Stefansson mentions that Iyituaryuk was a boy some fifty years
prior to 1910 (Stefansson 1912), suggesting he was born about 1855 and thus would
have been 61 years old in 1916. Wilkin's diary refers to "this couple,"
suggesting that Iyituaryuk was there with his wife, possibly the
seamstress, Amaganna. In a letter to Girling
(July 13, 1916) Anderson records that "The 'Mary Sachs'
is still hauled up at Cape Kellett, with Capt. Bernard and old Irituayuk ('Old
Rambler') and family with him."
Kutok (Katie Roland)
The wife of Illun, Kutok also is mentioned by Stefansson (1921) as providing him
with information on local beliefs. As a seamstress, Kutok was paid $100 for her
work during the year 1916-1917 at Cape Kellett, Banks Island, and $20 a month for
the two years from September 1917 to 1919, working on Melville and Victoria Islands
(Auditor General's Report 1919-20).
Kutok was later known as Katie Roland and her memories of the
time with the CAE are recorded in archival tapes and quoted extensively in the
Aulavik Oral History Project (Nagy 1999). Here is a sample:
"Then we started off with the Mimiqluks, the Ikugaks, Mamayauq and also Panigavluk
when they got home, and Palaiyaq too. It was us that were the Inupiat. There was
lots of us and we started off. When we pushed out from the shore, they started
blowing the horns, and I just about started crying. We just travelled and travelled
and started off to the ocean with a boat that had two big sails. They said the
boat was the Polar Bear. They were lots of white people, they were very
lively these white people.... we finally made it to Banks Island. Some Inupiat
were [there] and they greeted us. A white man named Charlie (Thomsen?) had a wife,
but I forgot her name. Also them two, Kiguaq and somebody else. They were workers
there at Banks Island. They were looking after the dogs. These two took so long,
and with my husband Itluun, they stayed behind."
Peter Lopez was a whaler before he joined the CAE. He had come to the Arctic on
a whaling ship which was wrecked on Diamond Rock.This ship was probably the whaler
Alexander which went ashore in fog at Cape Parry in August 1906.
"Peter Lopez stayed with us at Tom Cod Bay for two years.
He was travelled with old ship when it was wrecked between west side of Cape Parry
on Diamond Rock, a big rock by itself, high [out of the water?]. They were travelling
in fog. Met him in 1925. He stayed at Stephen Point. He used to tell story [of]
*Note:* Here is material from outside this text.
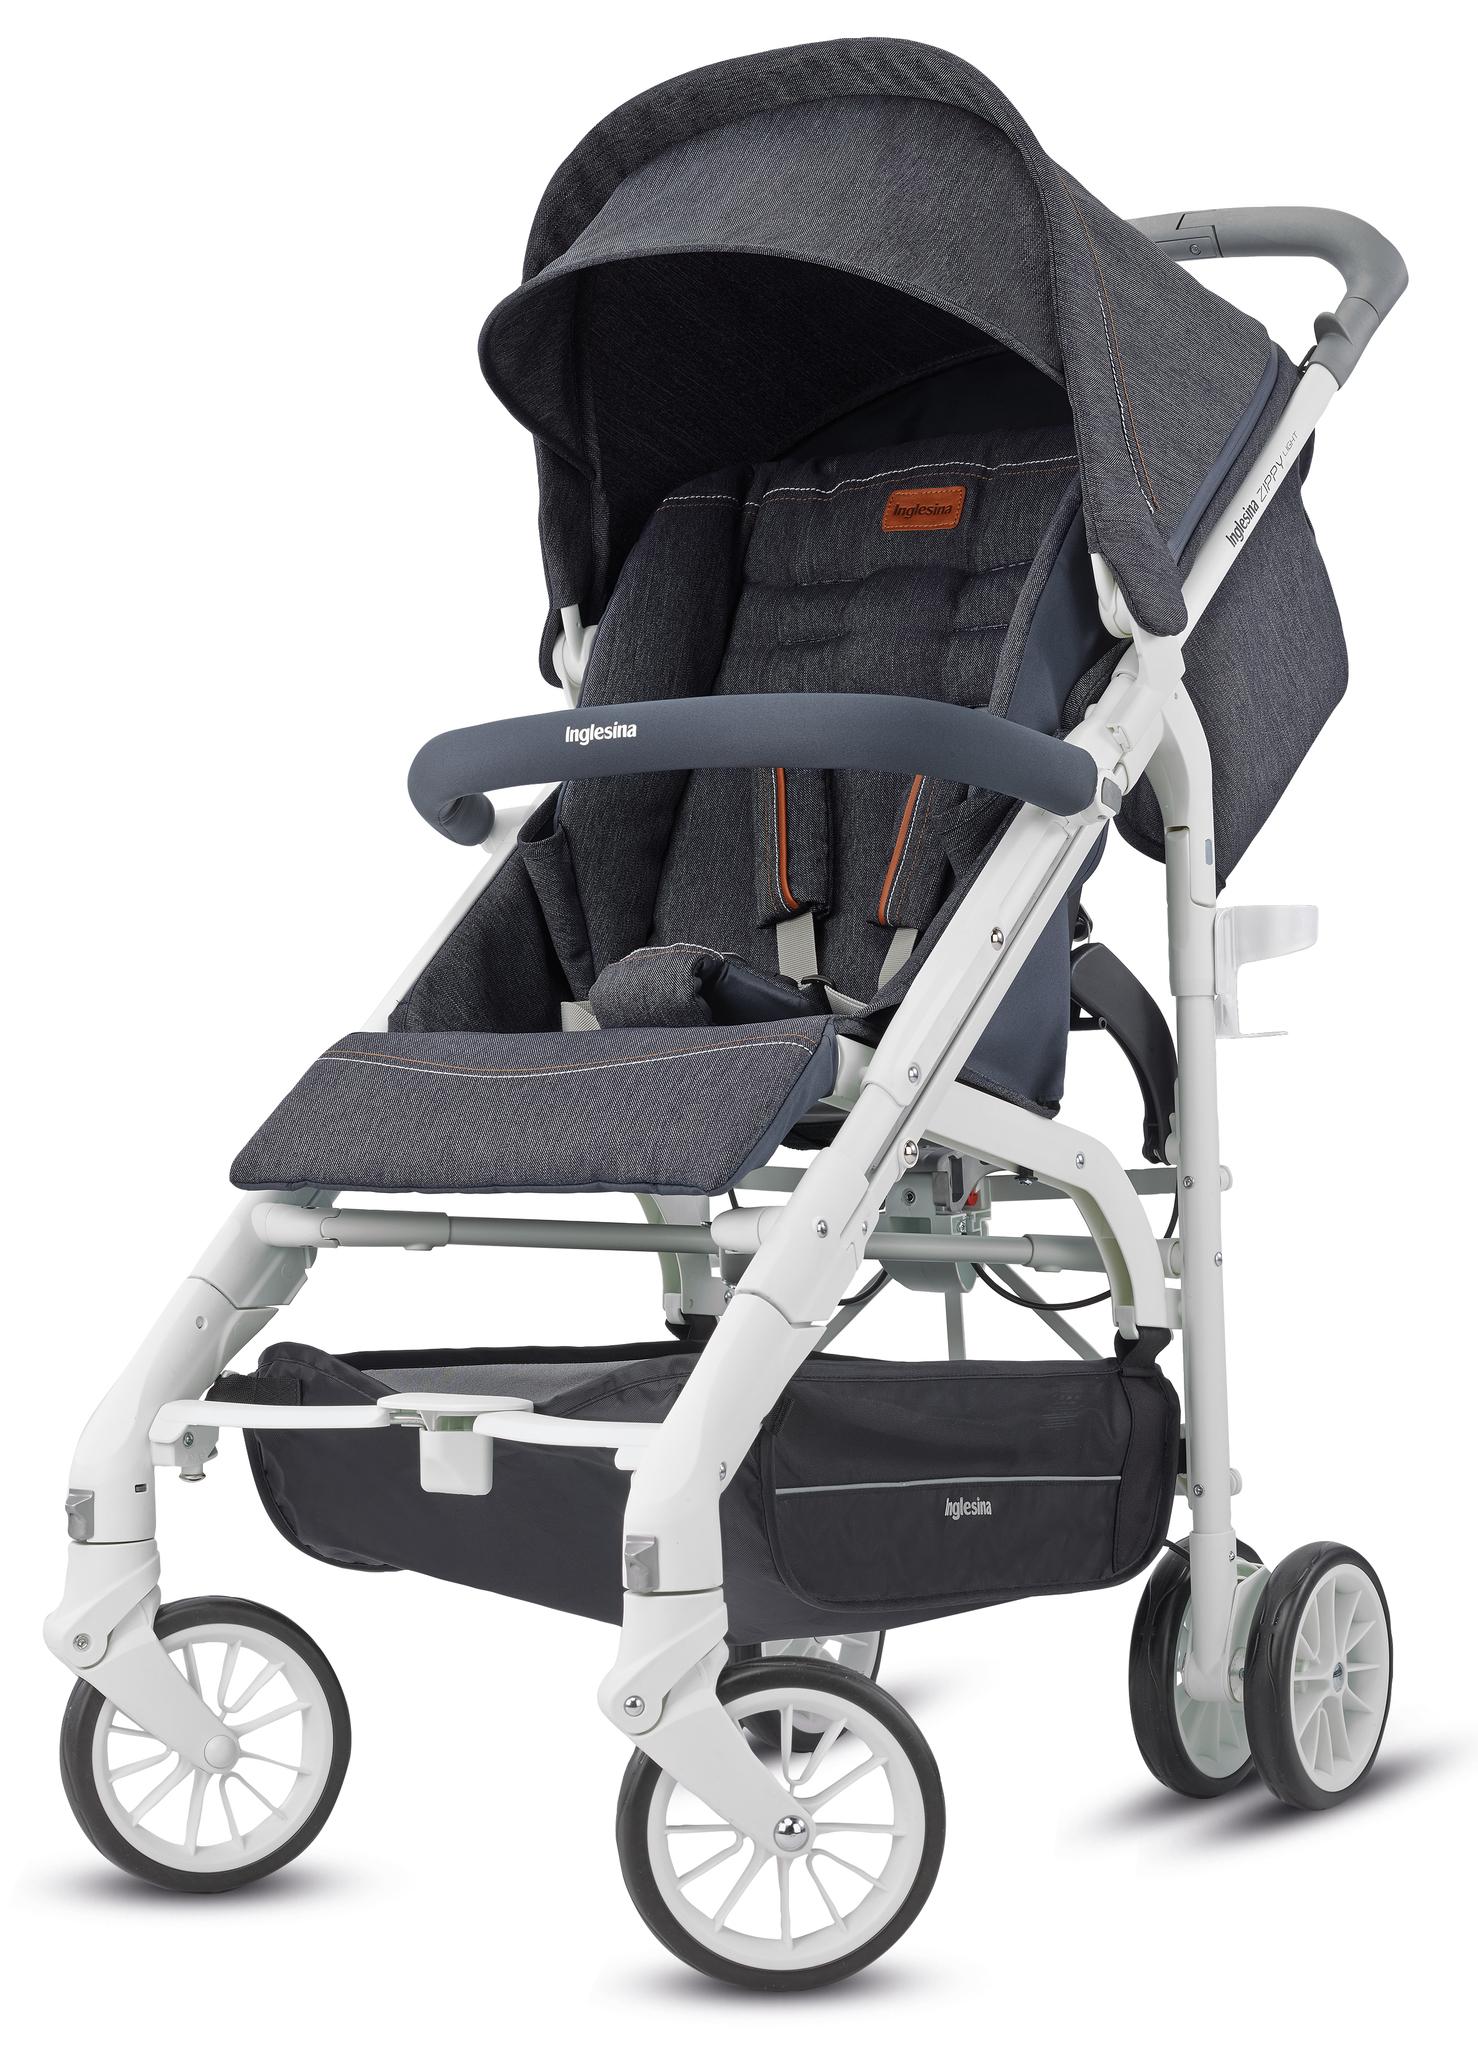 Детская коляска Inglesina Zippy Light (серый)

when the boat wrecked at Diamond Rock. The crew from the whaler took whaleboat
[and were] heading out for Herschel Island. [They] stayed at Stephen Point"
(Edward Ruben 2002).
According to Frank Carpenter of Inuvik, Peter was well known
to the Inuit. His reputation as a whaler includes a story of him jumping onto
the back of a whale during a hunt (Frank Carpenter Interview, September 2002,
R. M. Anderson recorded in September 1914, that the whaler
Rosie H. left the Baillie Islands "Manned by Tom Emmsley, Jim Fiji,
and Peter Lopez (Portuguese negro)" intending to winter at Booth Island (R.M.
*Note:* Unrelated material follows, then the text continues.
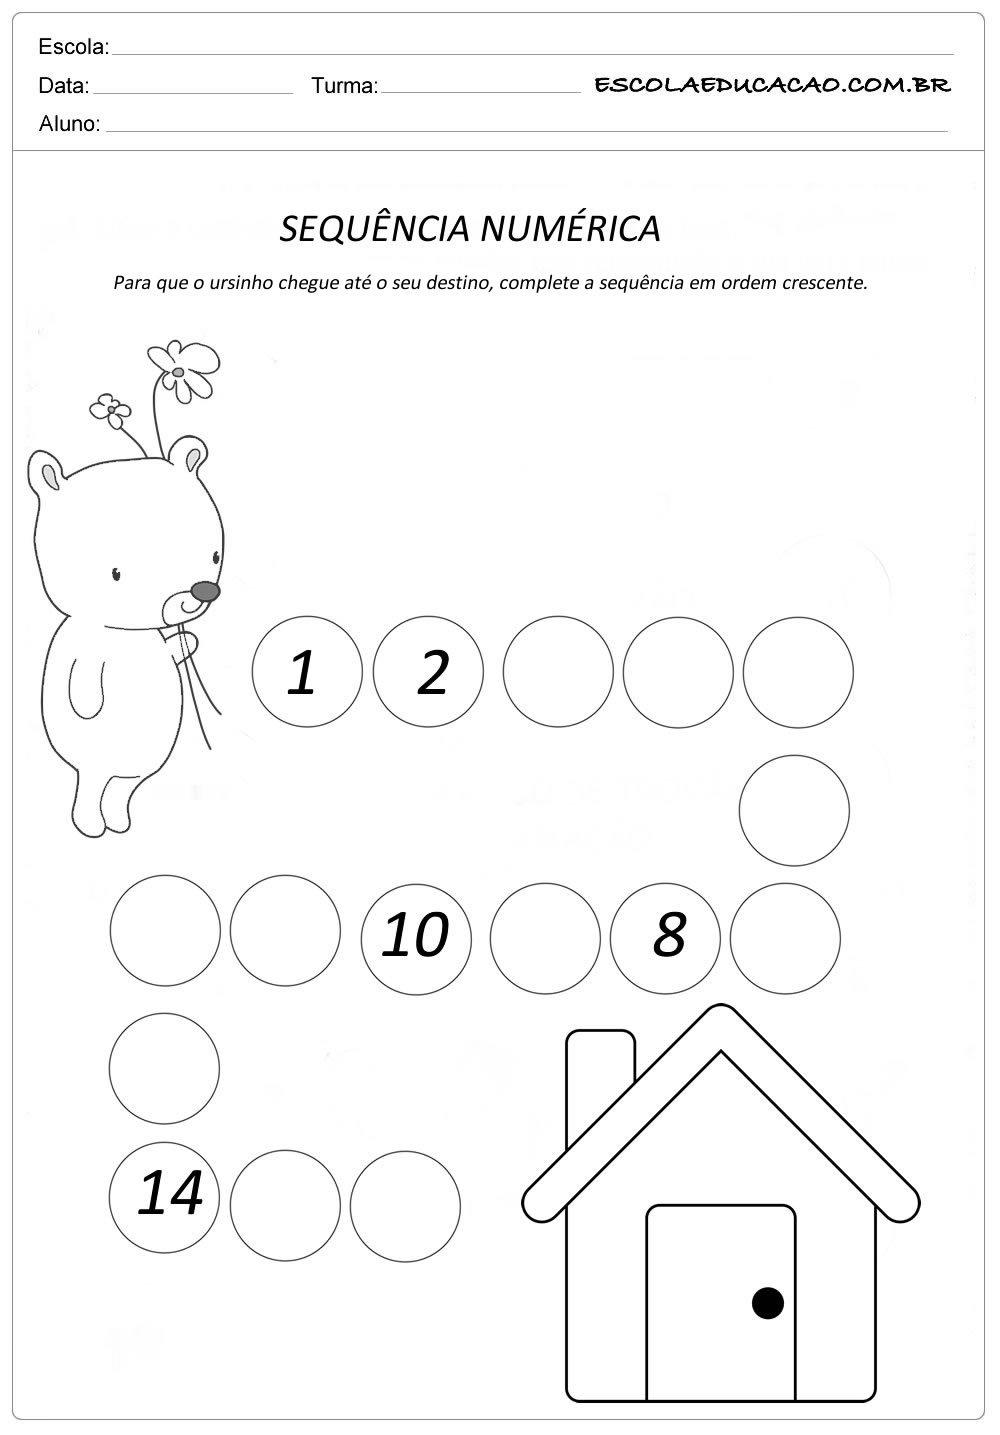 Atividade Sequência Numérica – Leve o ursinho até a casinha

Anderson Diary, September 9, 1914).
In 1915 Peter Lopez was "in charge of the schooner [Rosie
H.], had with him Nuligak's brother Jim, Nuligak's mother and Lopez's wife....
Peter Lopez, a Negro, after a year at Baillie went to live in Aklavik" (Nuligak/Metayer
Peter Lopez joined the Canadian Arctic Expedition at the Baillie
Islands in August 1915. "Pete Lopes, a Portuguese from the Rosie H.,
had asked me for a job yesterday, and from what I can hear he seems a willing
and capable man, so I engaged him this morning to help with the [North]
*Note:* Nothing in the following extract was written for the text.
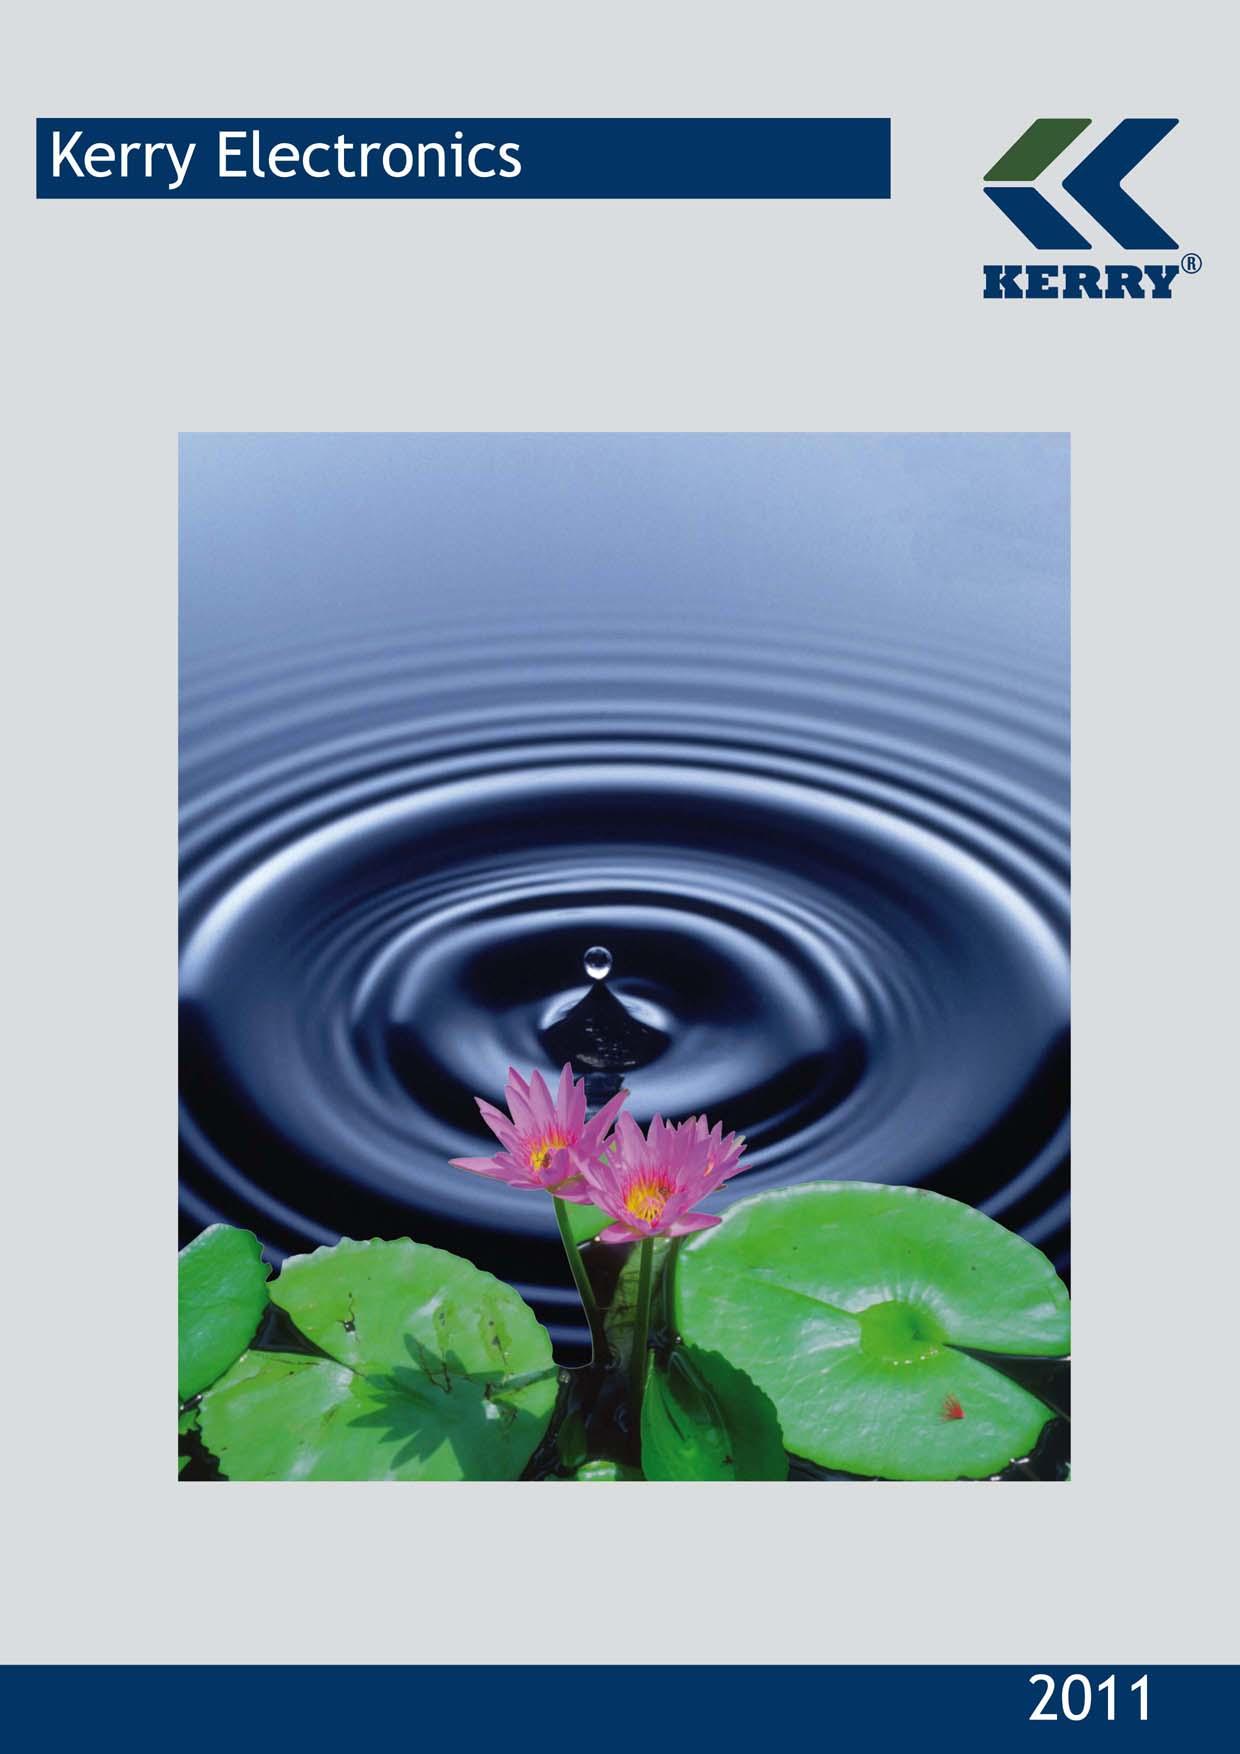 Kerry Katalog 2011

Star. We could do without him, I daresay, but we can do better with him, for a
boat however small needs four men to keep her running continually through these
waters where one is liable to meet ice at any moment. He has an Eskimo woman with
him, and she will be an additional help with the sewing." (Wilkins Diary,
August 15, 1915). Lopez and his wife Uttaktuak travelled
to Banks Island with Wilkins on the North Star and helped with the Northern
Party in many ways. He was part of the hunting and travelling parties on Melville
Island the winter of 1916, killing caribou and muskoxen, preparing and caching
meat for Stefansson's advance parties.
In 1917 Peter Lopez and Uttaktuak left Victoria Island on Polar
Bear, stopping at the Kellett base on Banks Island. "... both ships [Polar
Bear and Challenge] proceeded to the harbour at Cape Bathurst where
Captain Gonzales left the expedition. We also put off several of our other men
who desired to become trappers there, Pete Lopez, Jim Fiji, and some Eskimos"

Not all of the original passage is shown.